Information supplied.
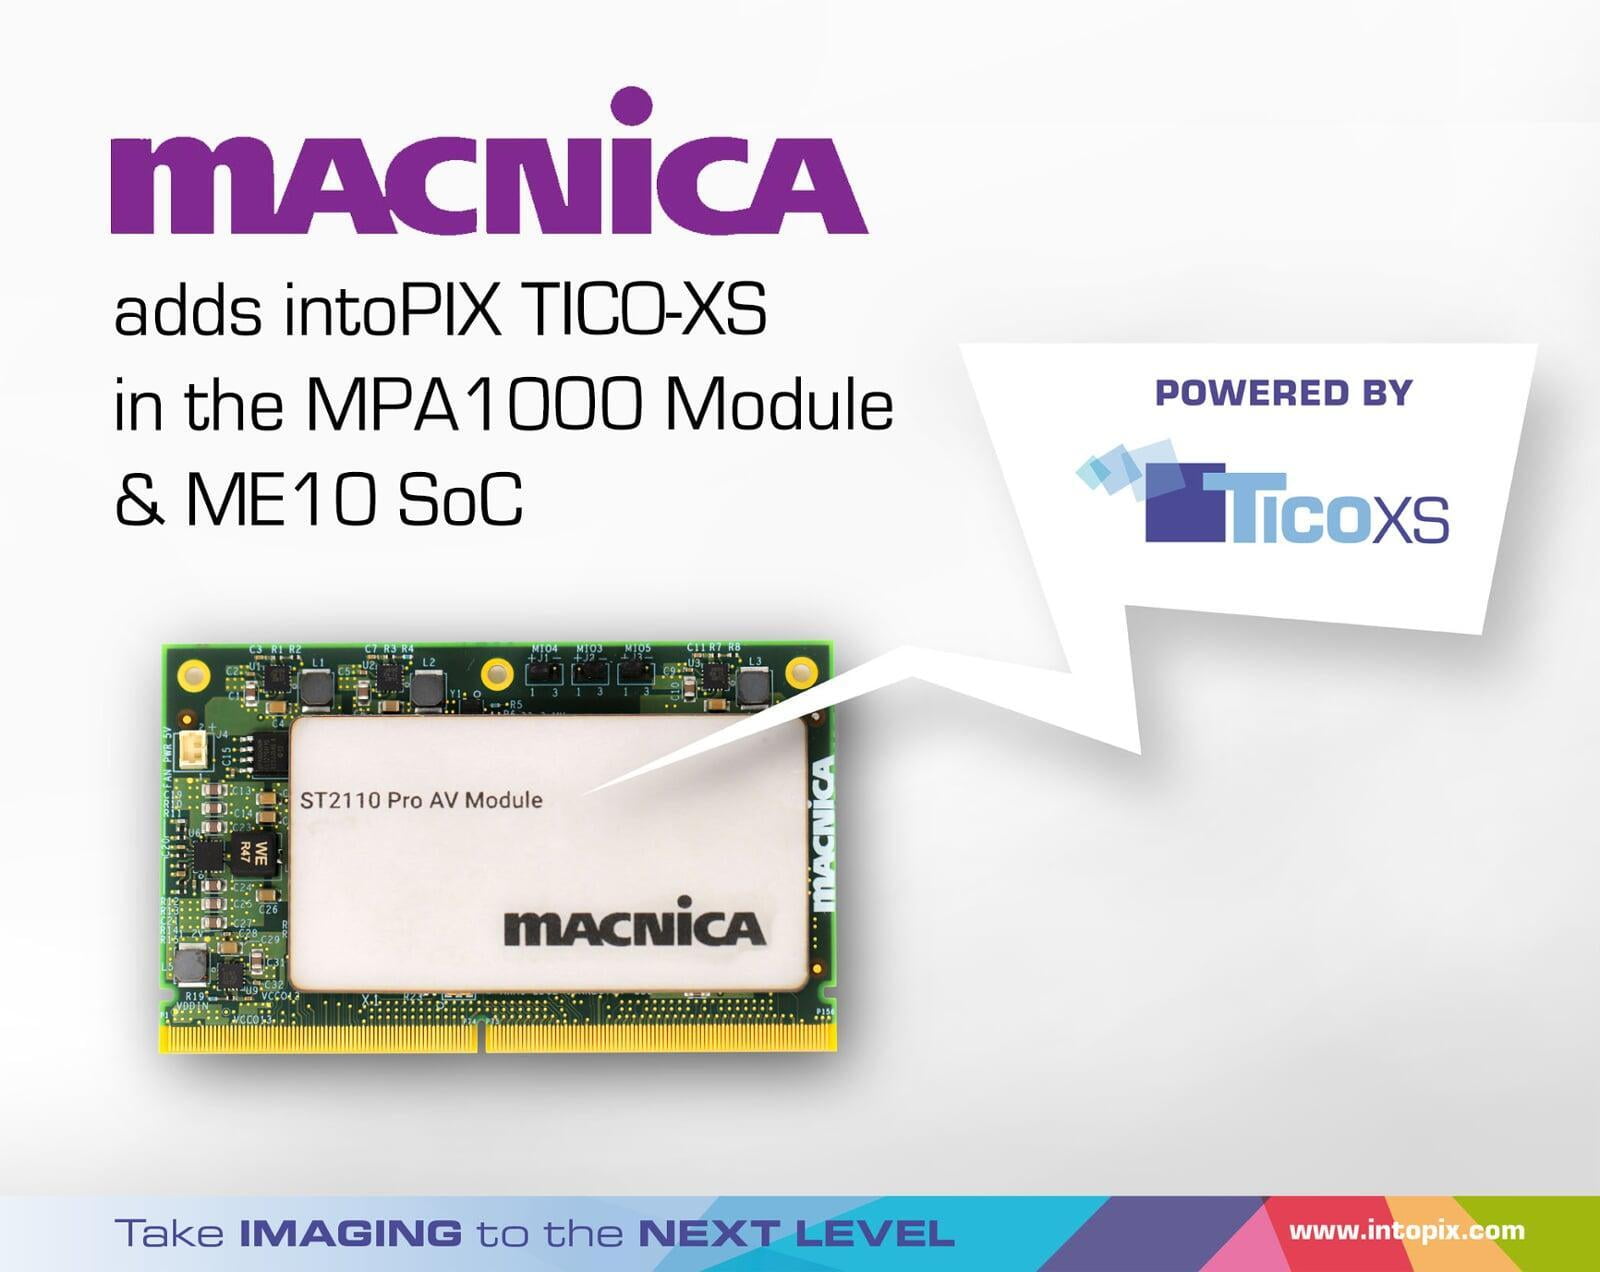 Macnica adopte intoPIX TicoXS pour ses solutions OEM ProAV 4K
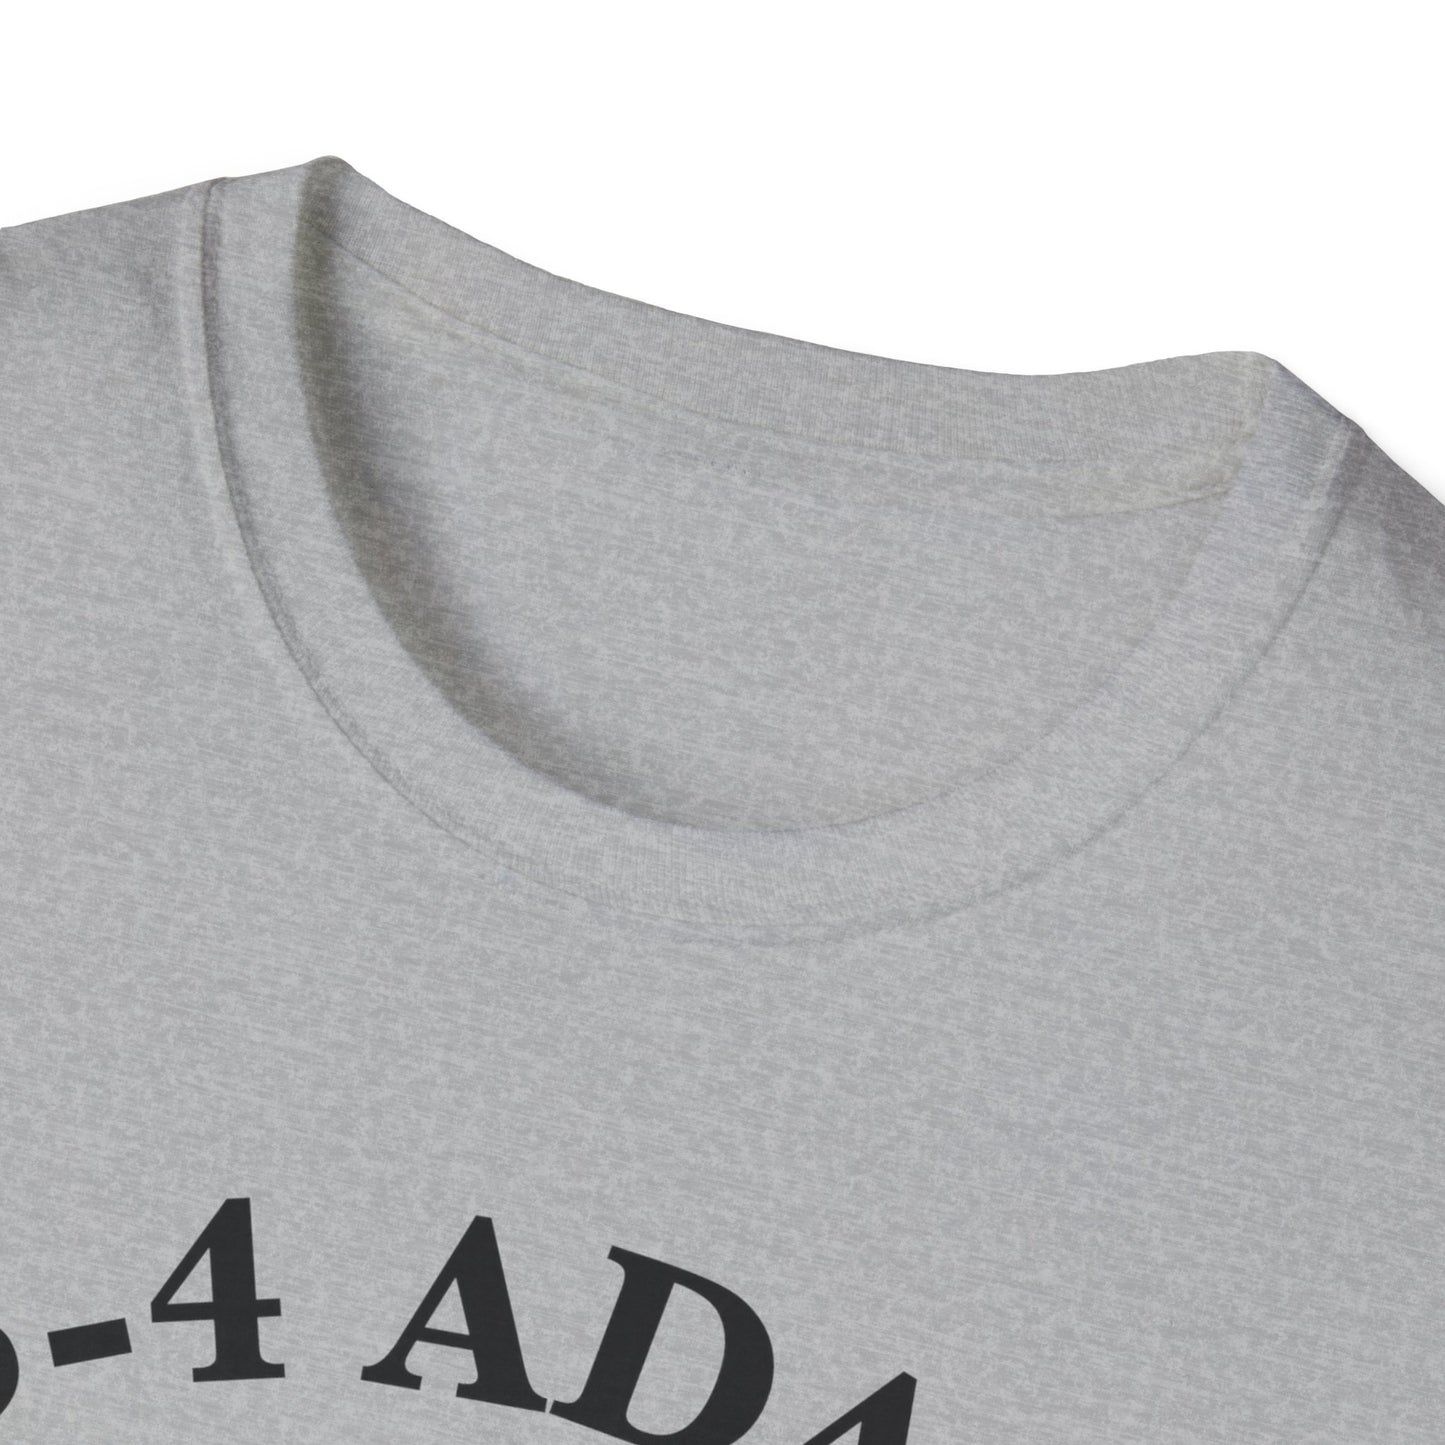 3-4 ADAR Battalion T Shirt Marshall Design Unisex Softstyle T-Shirt
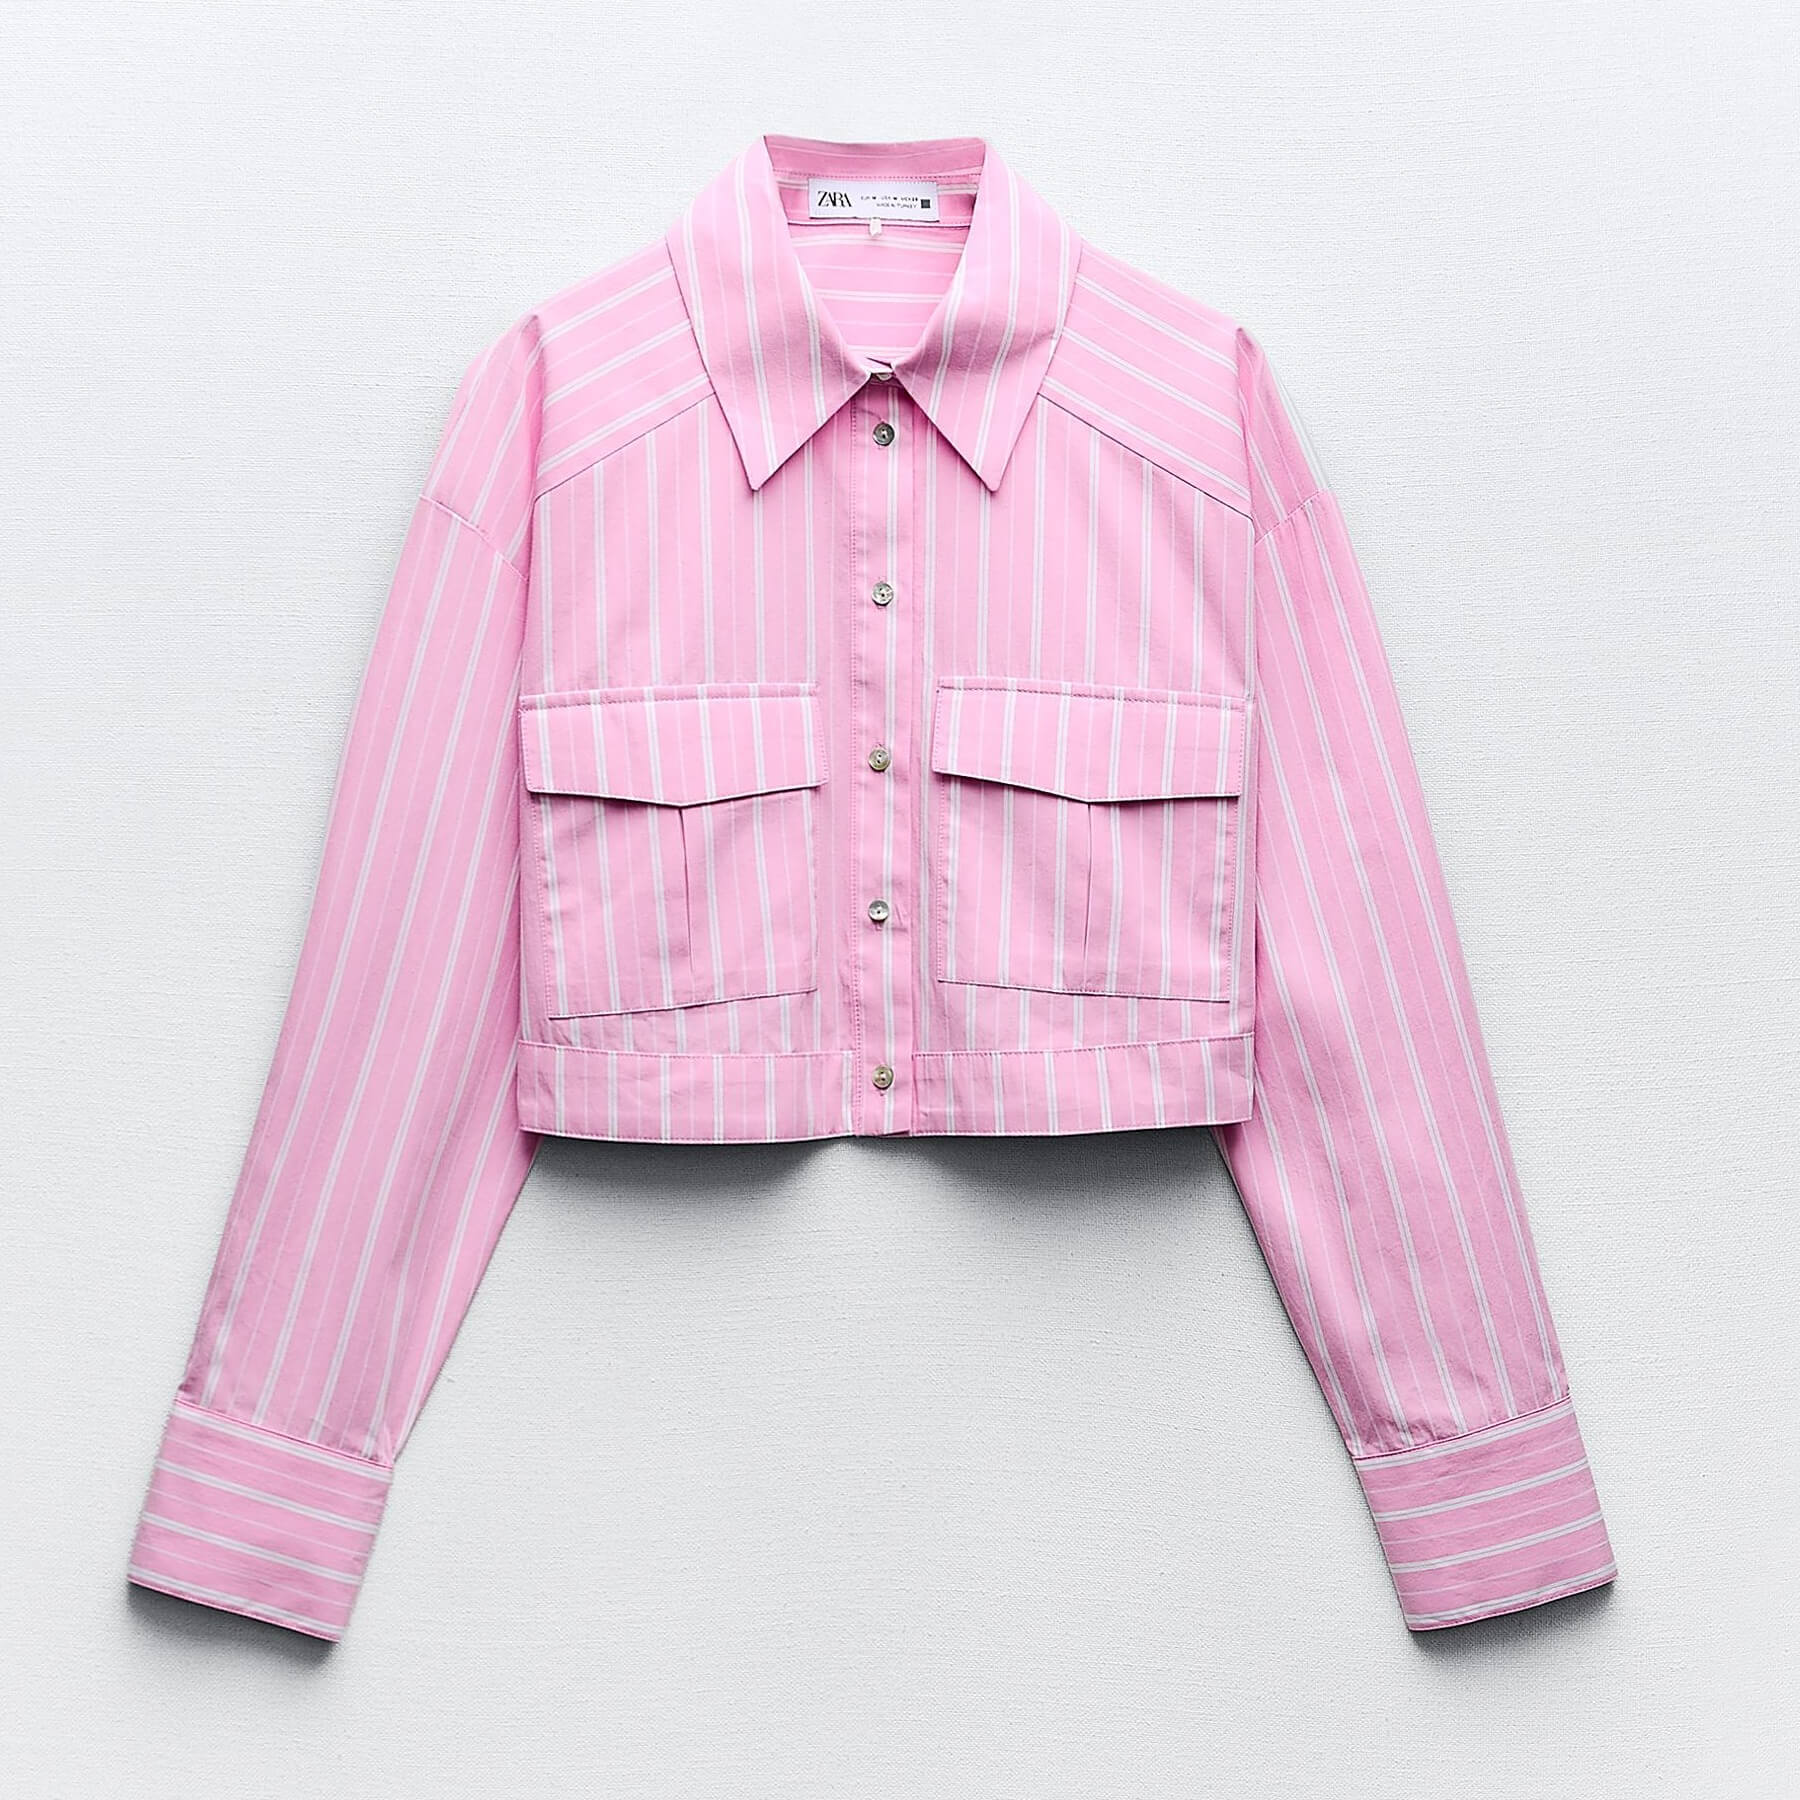 Рубашка Zara Cropped Striped, розовый/белый рубашка zara striped shirt розовый белый

What to produce.
Output the data above exactly. Drop every picture.

Result below.
 Macnica adopte intoPIX TicoXS pour ses solutions OEM ProAV 4K
 3-4 ADAR Battalion T Shirt Marshall Design Unisex Softstyle T-Shirt
 Рубашка Zara Cropped Striped, розовый/белый рубашка zara striped shirt розовый белый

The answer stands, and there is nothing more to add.